___ Given data ___

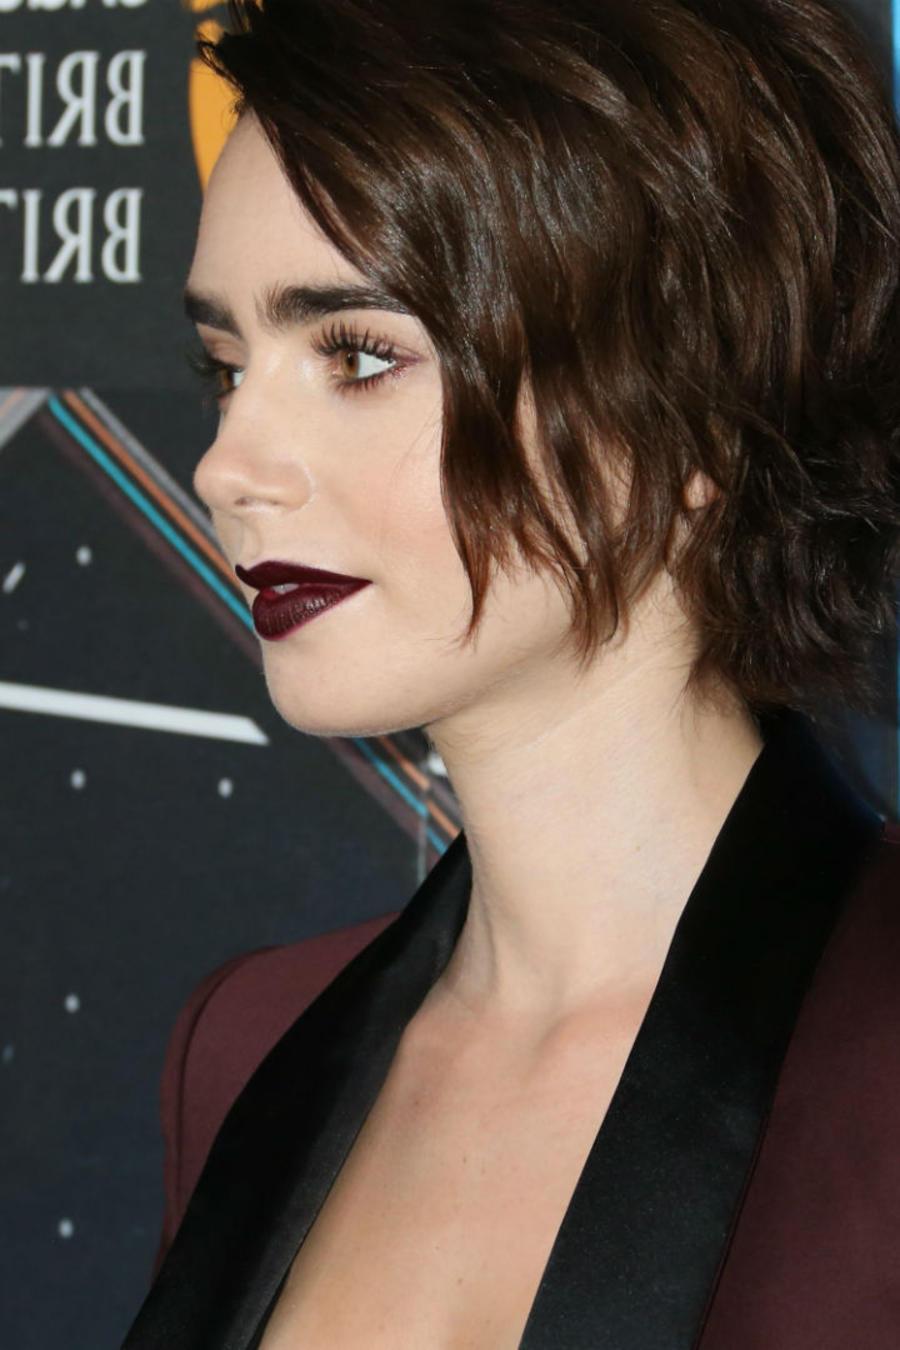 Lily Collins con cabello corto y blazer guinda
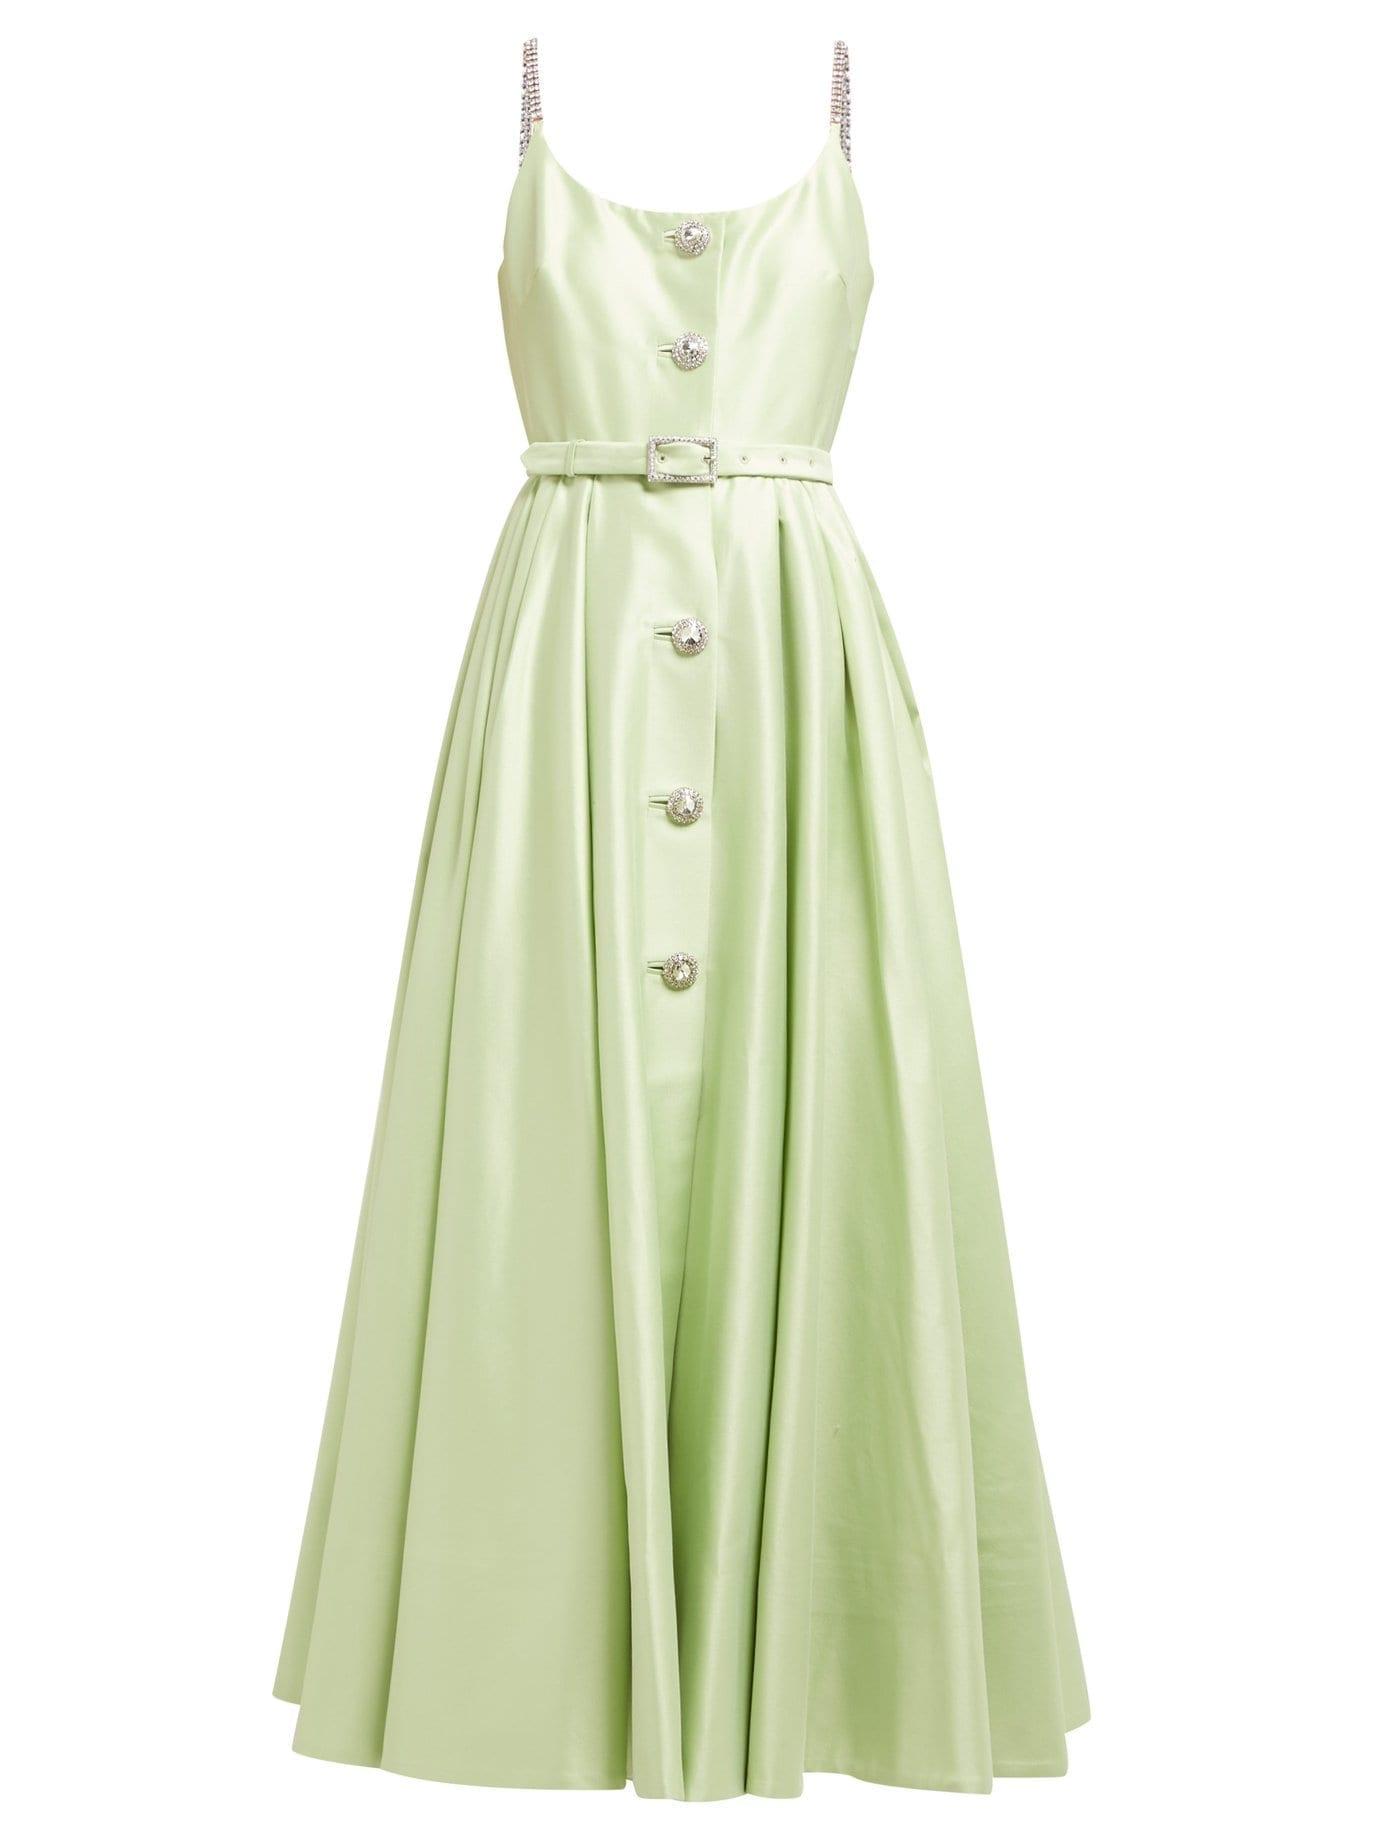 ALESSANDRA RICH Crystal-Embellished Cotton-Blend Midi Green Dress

___
___ Given data ___

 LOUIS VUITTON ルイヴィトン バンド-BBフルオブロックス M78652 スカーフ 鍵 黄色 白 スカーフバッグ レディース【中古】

___

§ Task description:
Above are some records; quote exactly and only the lines that begin at the line containing "Lily Collins con" and stop after the line containing "ALESSANDRA RICH Crystal-Embellished", leaving out the pictures.

§ Response area:
 Lily Collins con cabello corto y blazer guinda
 ALESSANDRA RICH Crystal-Embellished Cotton-Blend Midi Green Dress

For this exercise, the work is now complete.